On the walls is Optimiste/Pessimiste, which comprises recent abstracts by Frank Martinez and represents a major step forward for this emerging artist. Using loud colors laid out in intriguing organic shapes, Martinez harnesses drips and runs of paint to create barely controlled patterns.

The vivid colors and non-narrative character of the Martinez pieces work with the very different sculptural group by California artist Michael Whiting that makes up Walk in the Park. A constructivist known for non-objective sculptures in rectilinear shapes, Whiting has changed course here, pushing his geometric forms toward representational imagery.

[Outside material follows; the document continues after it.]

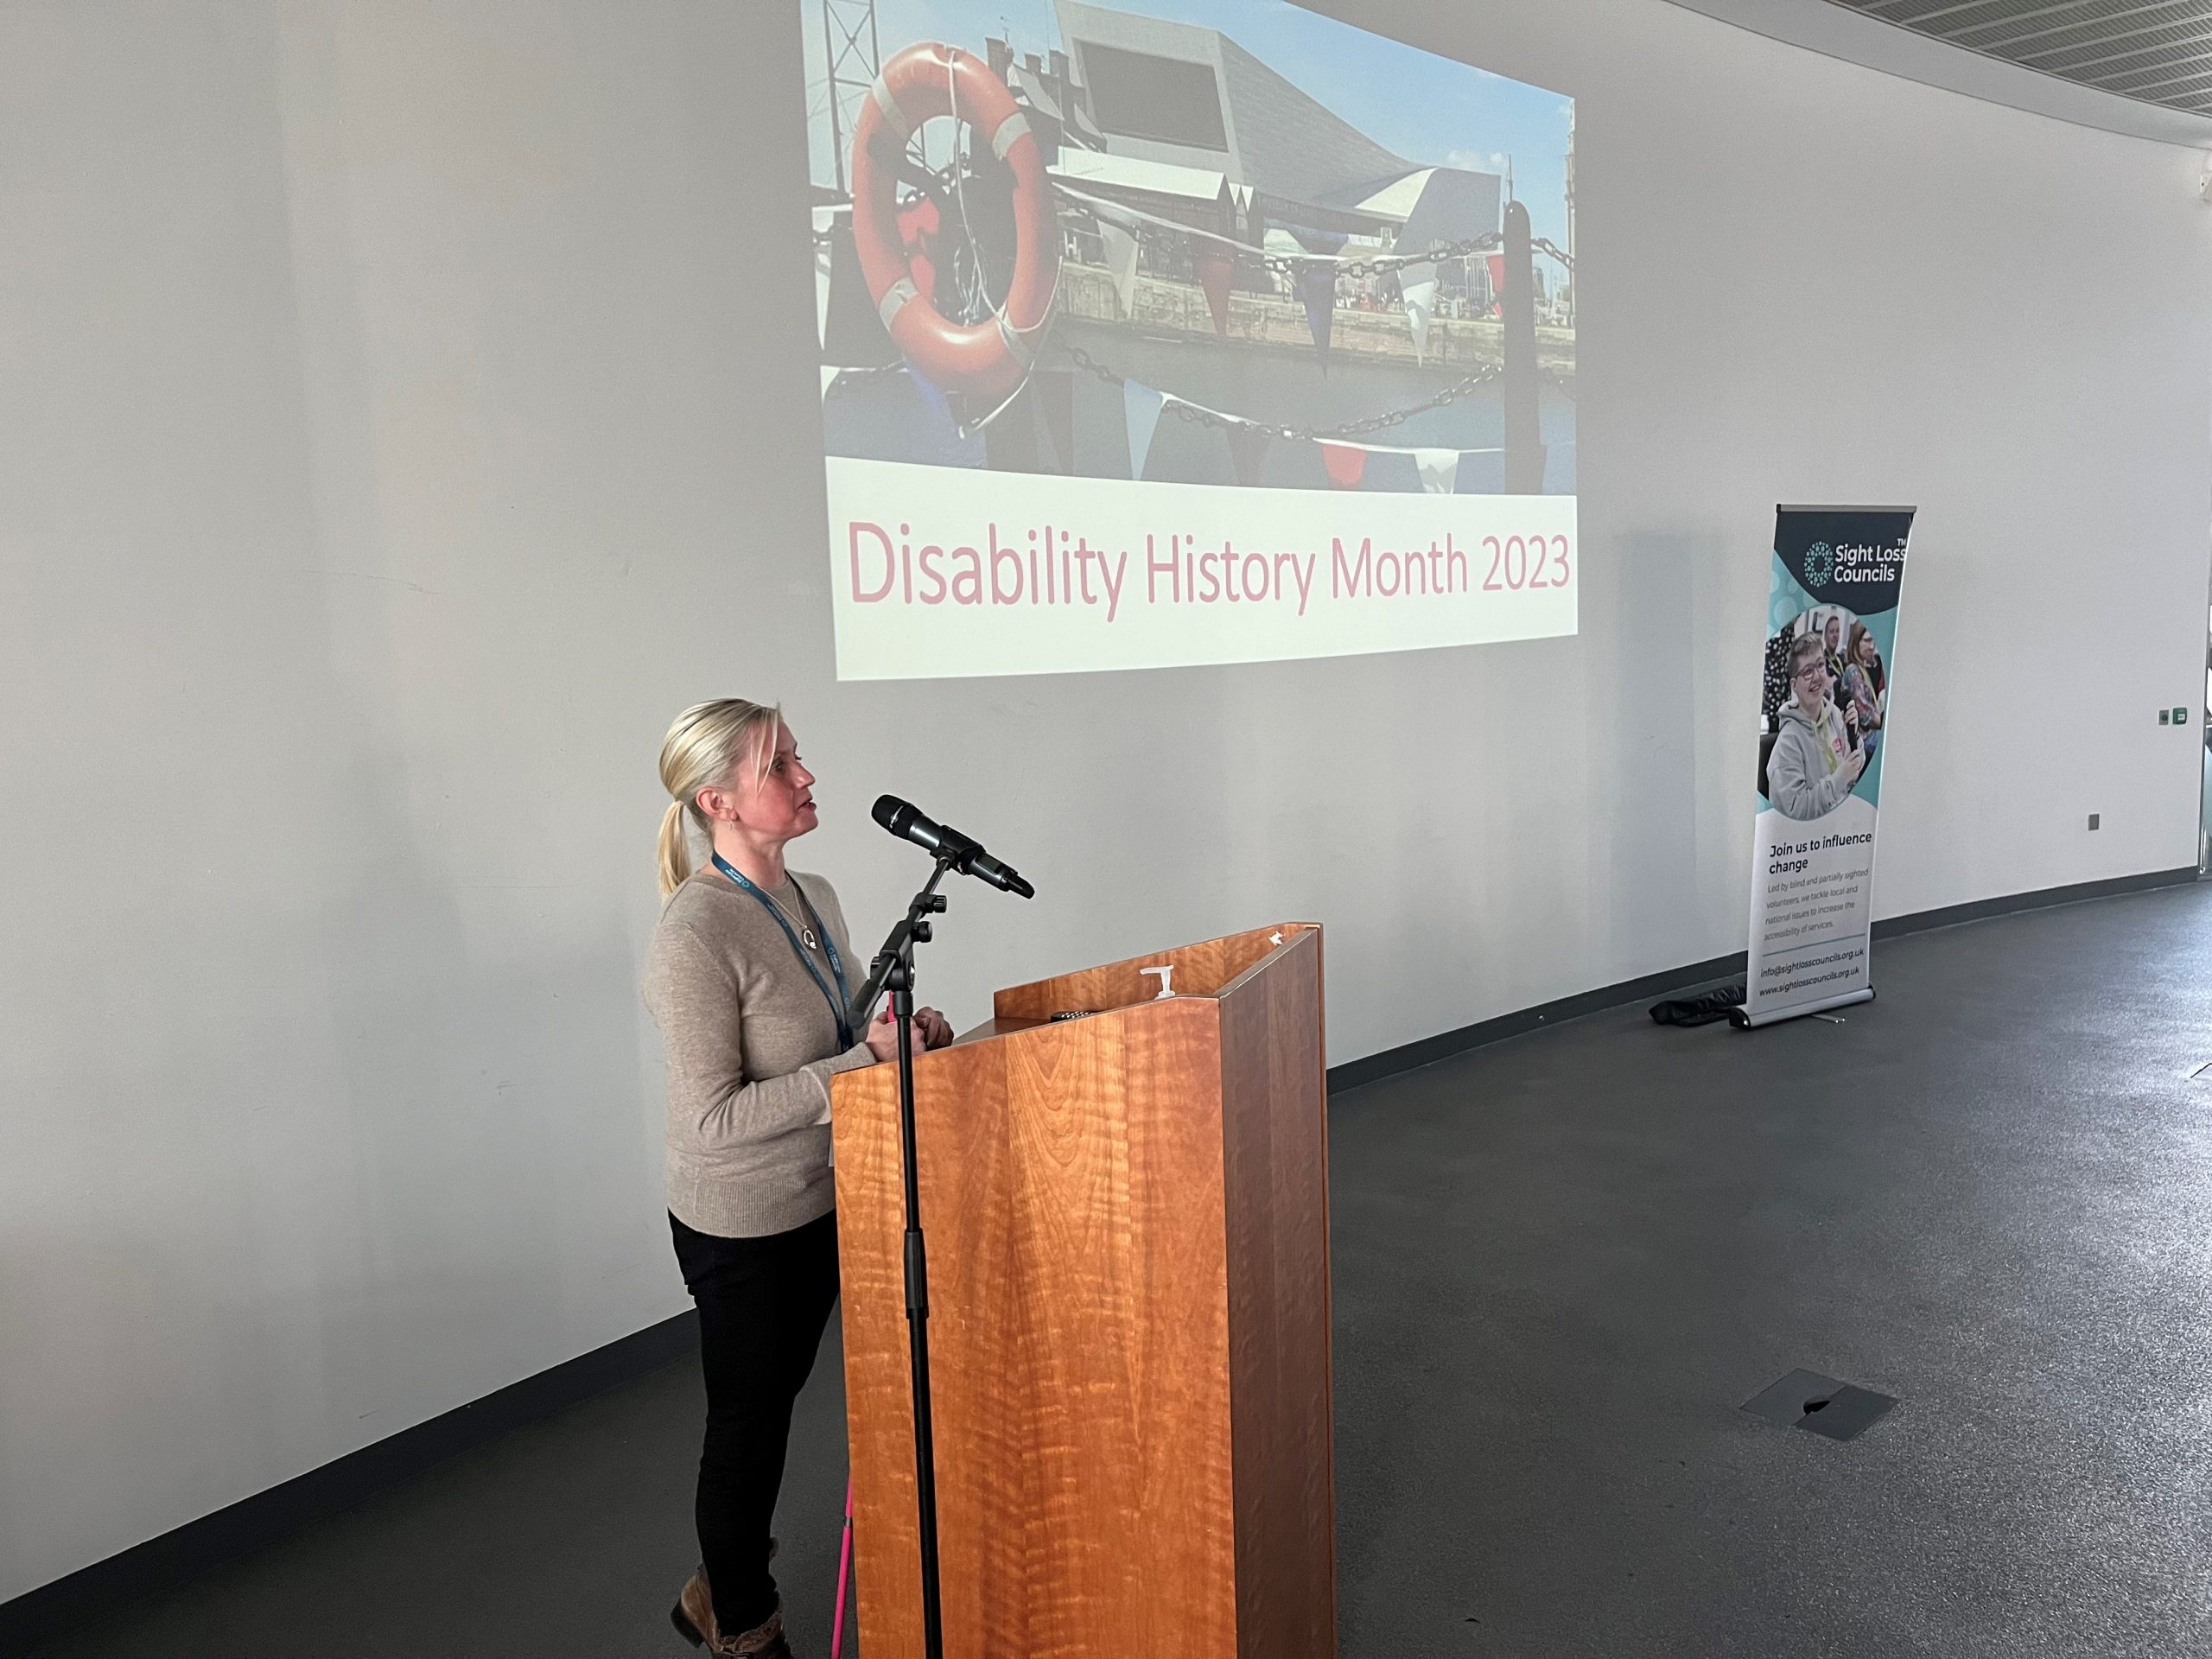 Kelly Barton, Engagement Manager for North West England, addressing delegates during the event. A presentation slide says ‘Disability Awareness Month’ 2023 and there is a Sight Loss Council banner in the background.

What he has created is a wilderness scene composed of hard-edged takes on nature. There's a rock, a shrub, a man, a woman, a doe, a buck (pictured), a rabbit, a squirrel, a mouse and a duck all beneath a sun that hangs on the wall. As with his earlier pieces, Whiting has finished the surfaces with automotive lacquer in an array of delicious if dusty colors that he completes by scratching and scuffing up. You've really got to see it.

Finally, in the back niche is Sorry mom but Nipsey Russell..., a tiny exhibit made up of a handsome group of polyester and mixed-material paintings-cum-wall sculptures by Hunt Rettig. In them, white shapes float on a blue field, like clouds in the sky. All three exhibits run through December 7.